Brovik laughed. “Your Bird of Prey has proven no parrot.”

“You encourage her disobedience.”

“You want so much to be enlightened, but you don’t allow her to think for herself. If she fancies my beautiful boy, what harm is there?”

“I’d kill her first.”

“Your ideas are as archaic as Kalidasa’s. You chose her for her intelligence, but you can’t stand that she has her own ideas. Why are we doing this work if not to free them?”

“I ask myself that question constantly.”

“It is inevitable. The old ones will fall from power. Our children will walk in the sun.”

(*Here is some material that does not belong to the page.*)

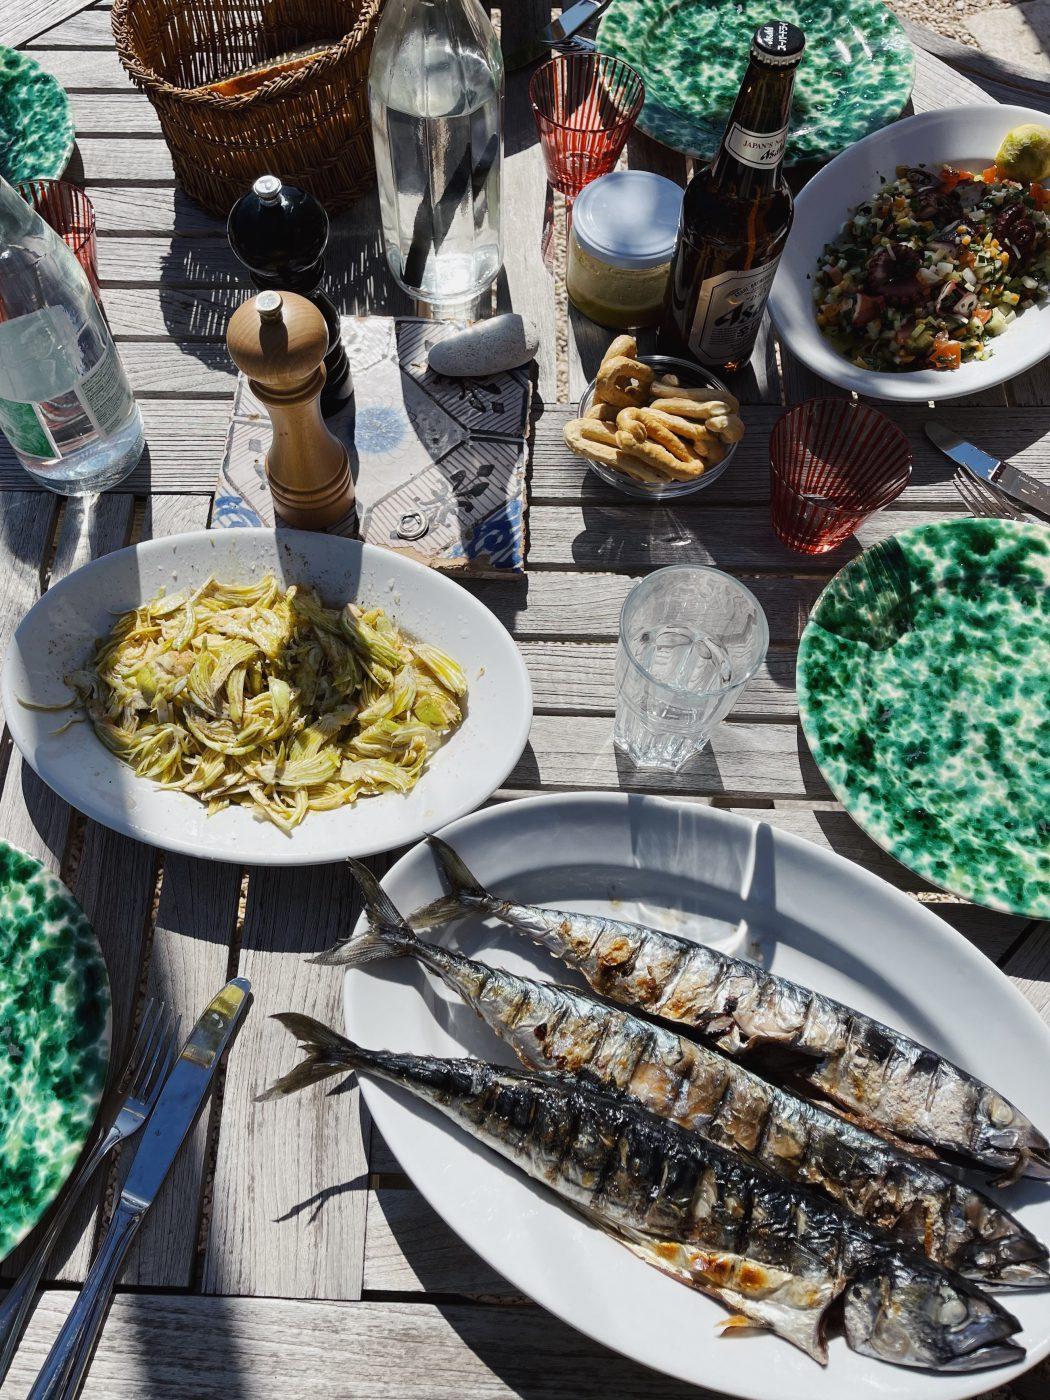 Seafood meal - Sardines

Rooting through the drawer, Brovik came up with a wide, elaborately decorated, gold bracelet. “Ah, here it is. I knew I still had it. Come Mia, a gift for you. A craftsman in Constantinople fashioned it for me, centuries ago.” He clasped it about my upper arm. The woman it had been made for was somewhat broader of limb and it hung loosely. “We’ll have it cut to fit you.”

Ethan took it. “Absolutely not, this is priceless, an artifact of an ancient age!”

Brovik pooh-poohed him, “It’s nothing, a bauble with one purpose, to compliment a woman’s beauty.”

Ethan examined the beautiful spiral design. “Don’t spoil it. We must preserve beauty by all means.”

Brovik took it and clasped it again on my upper arm. “I care nothing for the past, except of a form of entertainment for young listeners. The bloodthirsty berserker legend has its use.”

The bracelet slipped down my arm. I pushed it up. “Don’t disappoint me. You burn and pillage my imagination.”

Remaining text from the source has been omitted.